(THE PROBLEM): Copy each line below as written, but skip the pictures.

(MATERIAL PROVIDED):

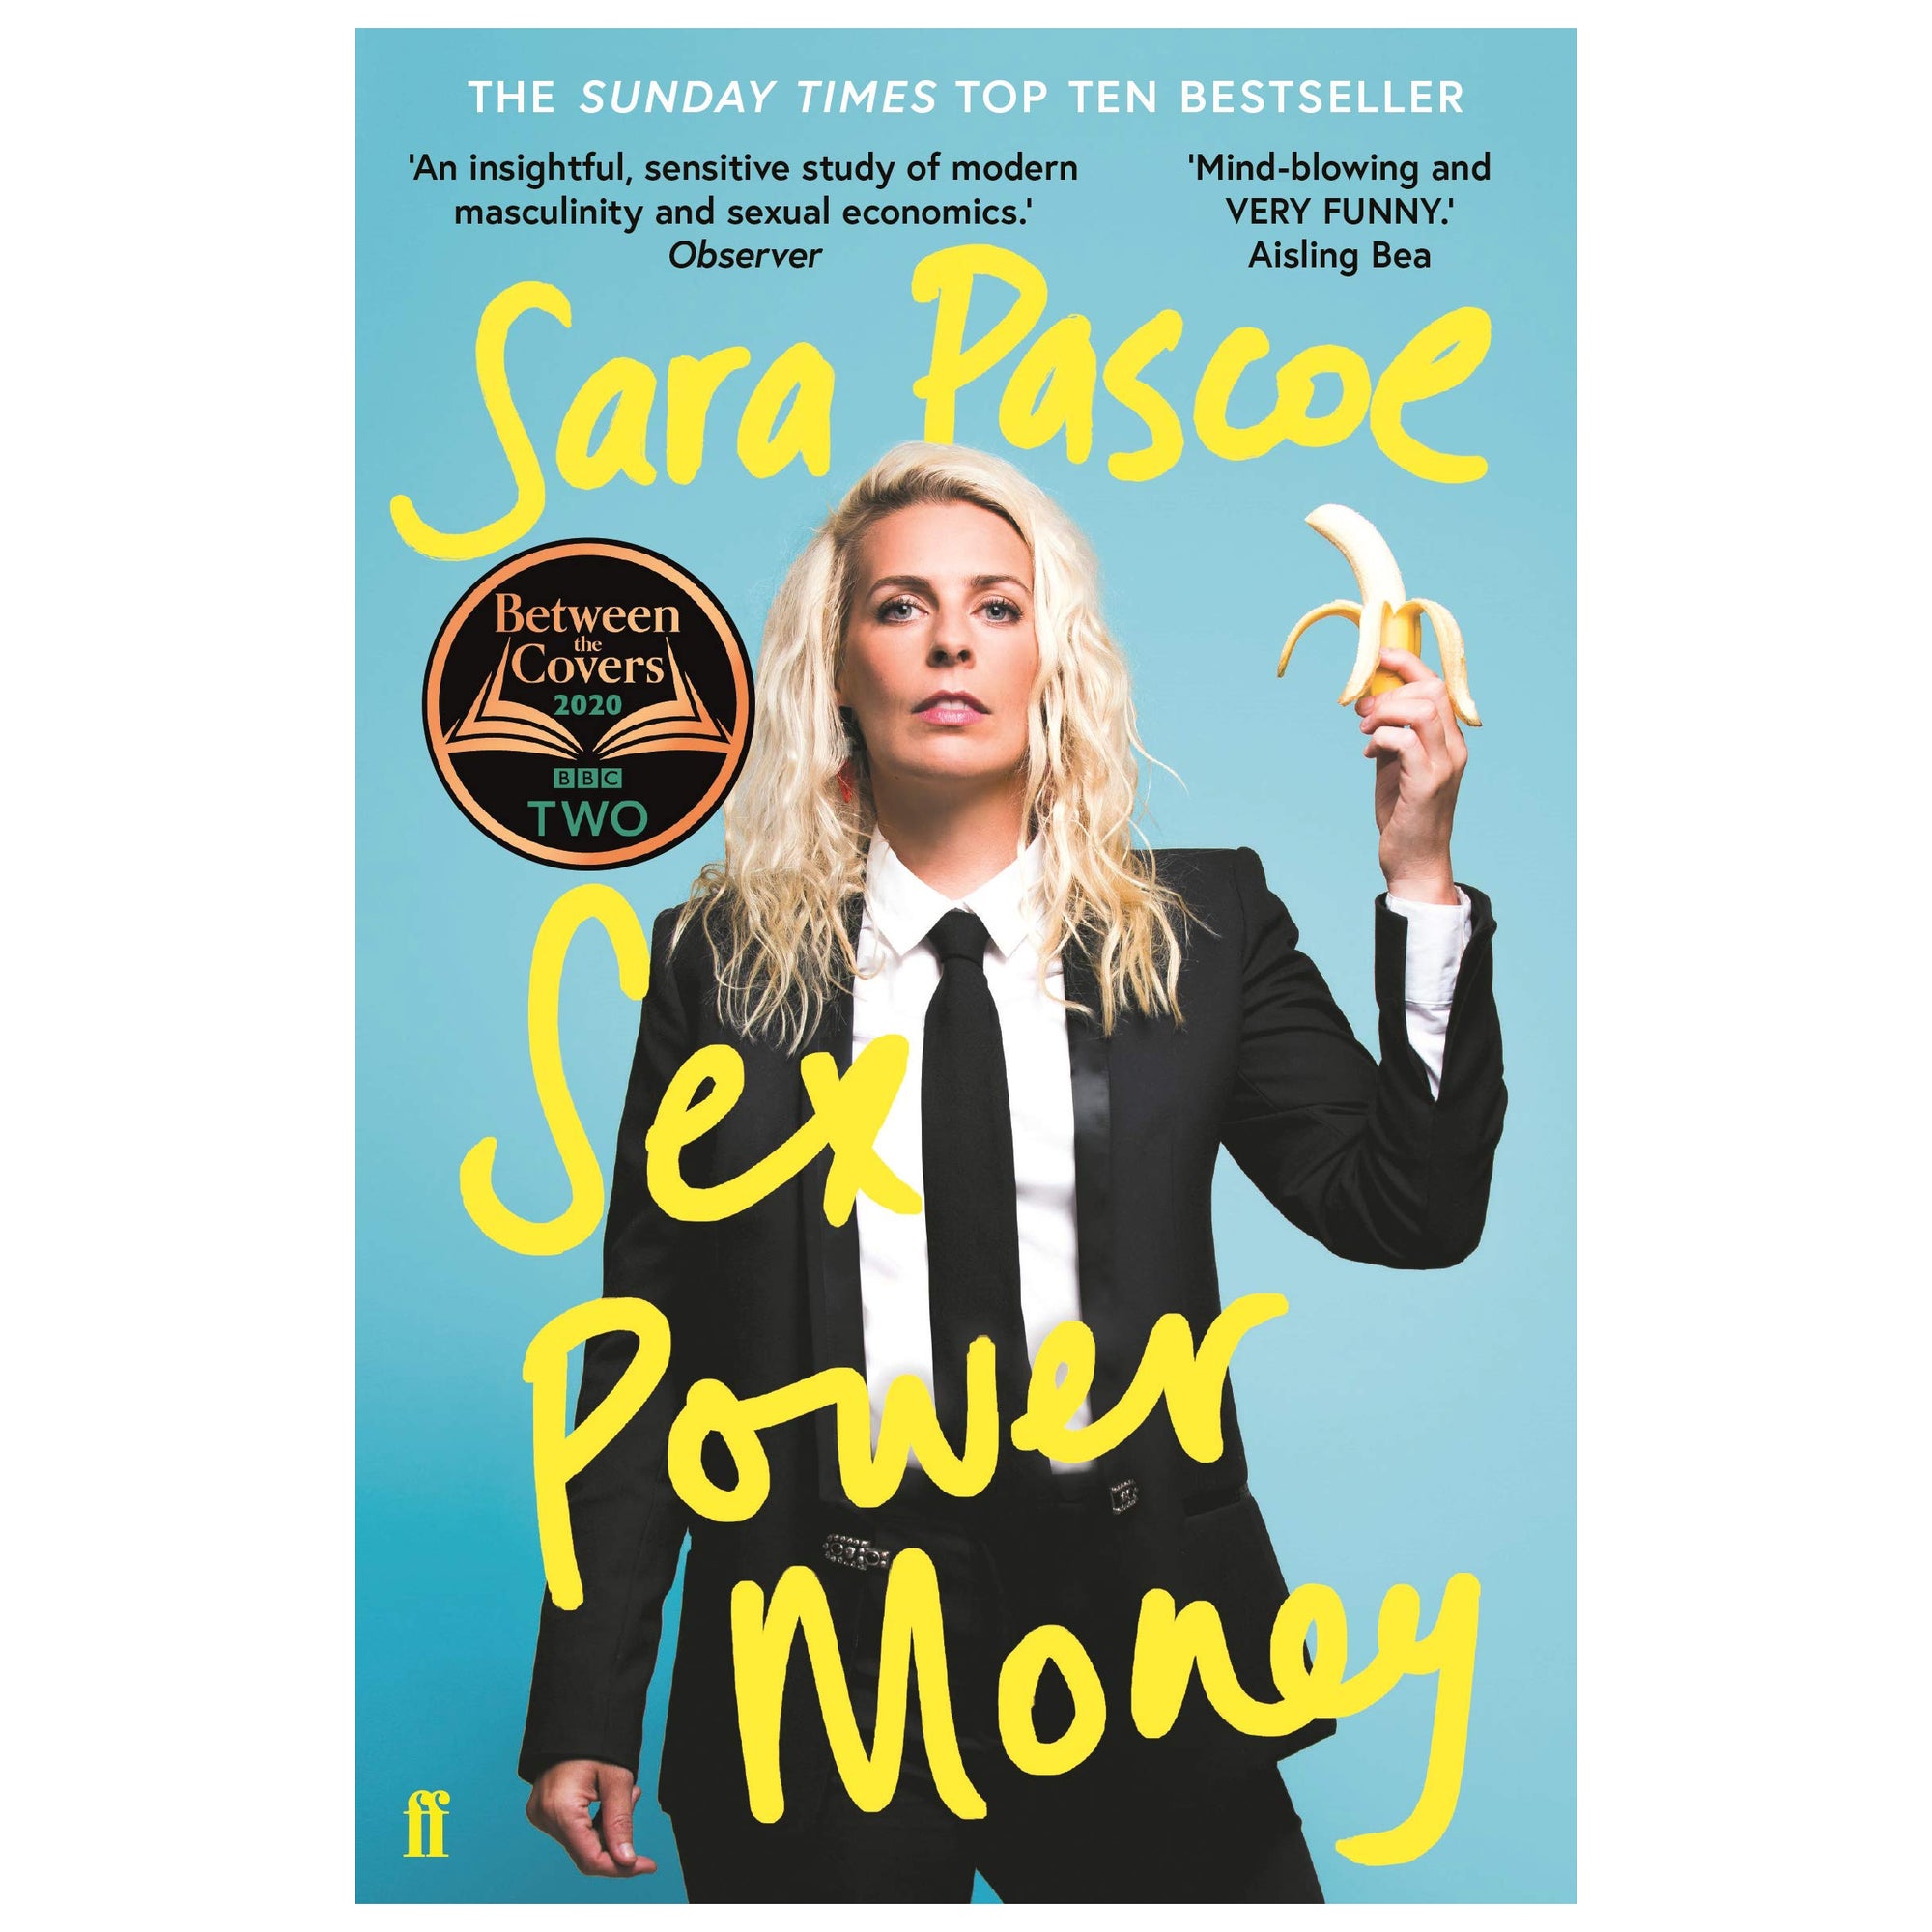 Sara Pascoe Sex Power Money
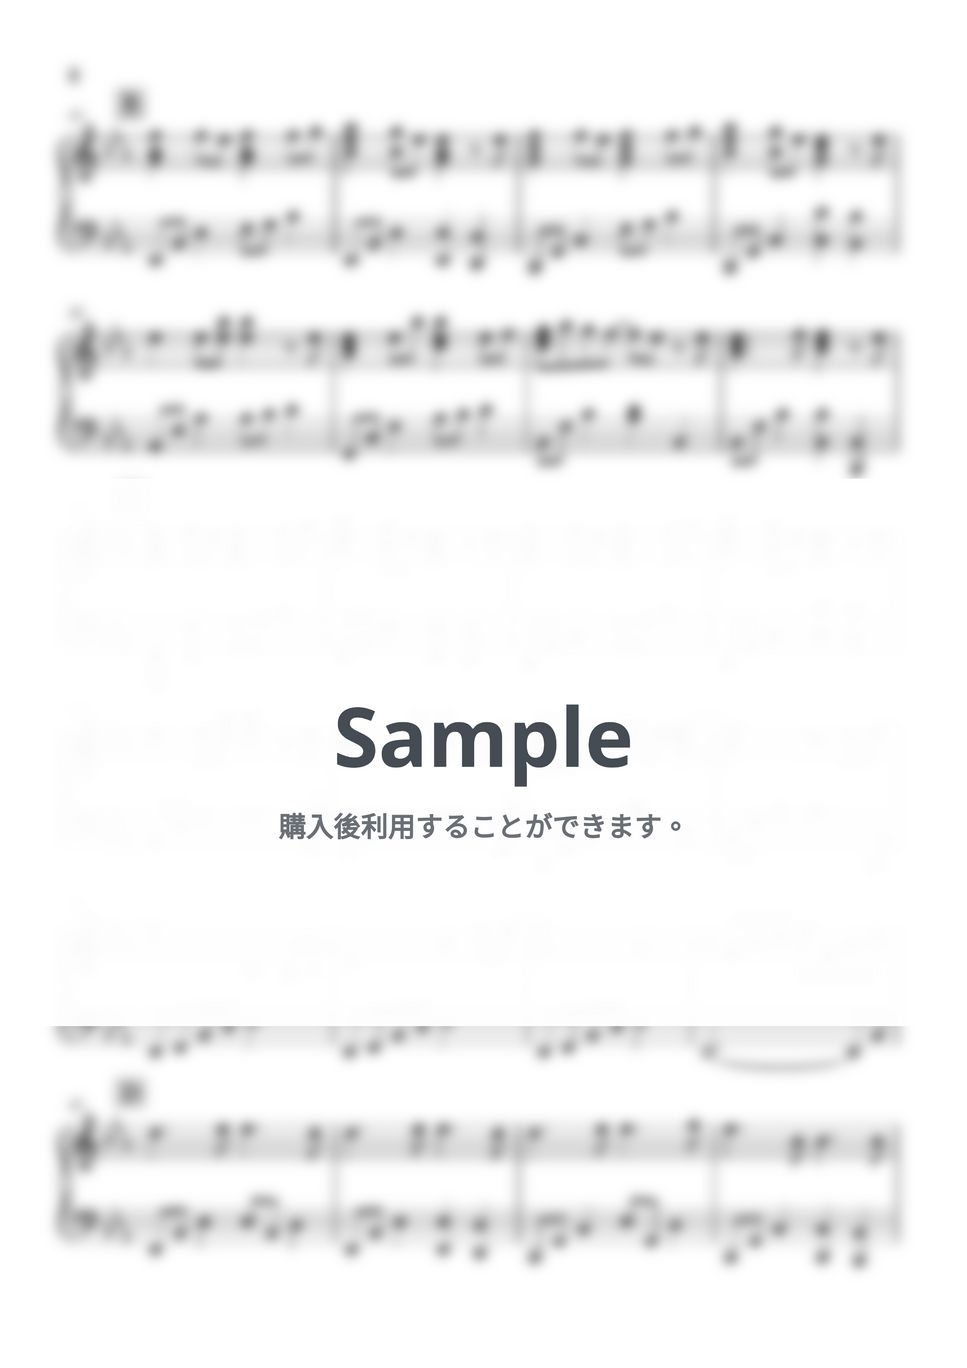 ラクス・クライン - Fields of hope (機動戦士ガンダム) by Piano Lovers. jp
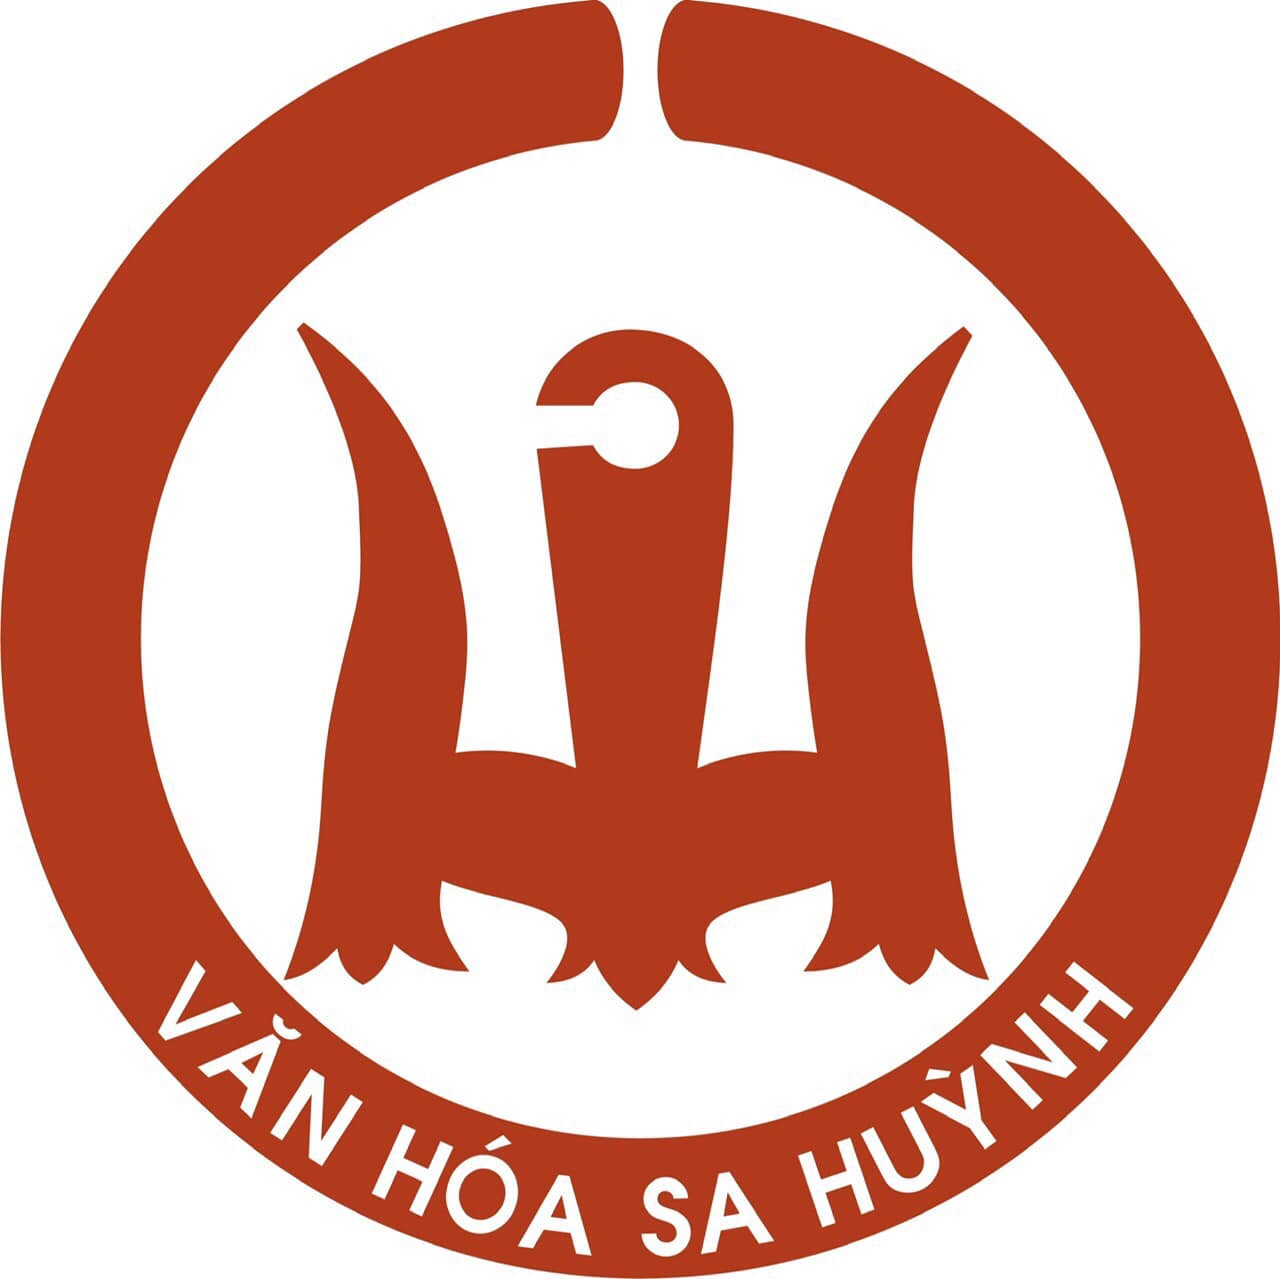 Sở Văn hóa, Thể thao và Du lịch Quảng Ngãi trao giải cuộc thi sáng tác Logo “Văn hóa Sa Huỳnh”

(REPLY):
 Sara Pascoe Sex Power Money
 ラクス・クライン - Fields of hope (機動戦士ガンダム) by Piano Lovers. jp
 Sở Văn hóa, Thể thao và Du lịch Quảng Ngãi trao giải cuộc thi sáng tác Logo “Văn hóa Sa Huỳnh”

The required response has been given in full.